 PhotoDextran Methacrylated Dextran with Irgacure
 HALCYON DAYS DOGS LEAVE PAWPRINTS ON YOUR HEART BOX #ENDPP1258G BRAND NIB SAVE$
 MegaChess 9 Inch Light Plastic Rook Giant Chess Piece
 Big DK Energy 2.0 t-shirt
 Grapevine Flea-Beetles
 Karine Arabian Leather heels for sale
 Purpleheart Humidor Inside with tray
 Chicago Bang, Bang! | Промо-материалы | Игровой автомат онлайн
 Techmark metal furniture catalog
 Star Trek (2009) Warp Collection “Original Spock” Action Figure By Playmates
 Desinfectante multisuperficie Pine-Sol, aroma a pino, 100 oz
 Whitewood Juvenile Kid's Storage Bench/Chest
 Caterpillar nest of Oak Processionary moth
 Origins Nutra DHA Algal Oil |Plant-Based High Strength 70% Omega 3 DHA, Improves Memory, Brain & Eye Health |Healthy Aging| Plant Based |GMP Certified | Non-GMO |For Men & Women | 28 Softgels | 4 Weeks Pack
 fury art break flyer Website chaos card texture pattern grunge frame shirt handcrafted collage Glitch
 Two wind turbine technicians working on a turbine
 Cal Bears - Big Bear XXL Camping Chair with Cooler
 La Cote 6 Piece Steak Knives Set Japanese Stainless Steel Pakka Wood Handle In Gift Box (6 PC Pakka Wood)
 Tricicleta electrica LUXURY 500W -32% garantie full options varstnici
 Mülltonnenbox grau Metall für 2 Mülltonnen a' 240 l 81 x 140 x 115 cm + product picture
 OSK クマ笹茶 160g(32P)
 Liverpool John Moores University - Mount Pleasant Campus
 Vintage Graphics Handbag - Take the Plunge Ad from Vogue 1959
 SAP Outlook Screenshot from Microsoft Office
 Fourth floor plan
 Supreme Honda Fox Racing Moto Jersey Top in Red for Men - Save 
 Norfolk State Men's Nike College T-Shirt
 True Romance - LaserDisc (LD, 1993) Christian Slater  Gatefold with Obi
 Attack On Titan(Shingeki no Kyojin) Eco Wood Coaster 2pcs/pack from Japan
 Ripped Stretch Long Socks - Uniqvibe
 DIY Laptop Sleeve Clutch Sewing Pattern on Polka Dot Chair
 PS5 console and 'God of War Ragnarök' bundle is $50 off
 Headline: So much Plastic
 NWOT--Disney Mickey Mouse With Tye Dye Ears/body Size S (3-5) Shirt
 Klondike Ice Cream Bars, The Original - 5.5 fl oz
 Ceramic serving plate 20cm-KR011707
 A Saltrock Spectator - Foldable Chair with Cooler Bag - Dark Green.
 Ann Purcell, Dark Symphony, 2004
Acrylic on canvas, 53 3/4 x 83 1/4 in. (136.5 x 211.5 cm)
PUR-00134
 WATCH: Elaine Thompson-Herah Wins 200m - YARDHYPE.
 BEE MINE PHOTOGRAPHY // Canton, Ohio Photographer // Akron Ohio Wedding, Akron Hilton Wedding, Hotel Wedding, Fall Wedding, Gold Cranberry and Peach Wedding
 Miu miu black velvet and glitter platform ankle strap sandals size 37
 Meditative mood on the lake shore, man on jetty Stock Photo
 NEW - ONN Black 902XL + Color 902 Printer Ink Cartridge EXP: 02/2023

__________________________________________________

From the entries above, collect every line with the string "Original" in it.

TASK SOLUTION:
 Star Trek (2009) Warp Collection “Original Spock” Action Figure By Playmates
 Klondike Ice Cream Bars, The Original - 5.5 fl oz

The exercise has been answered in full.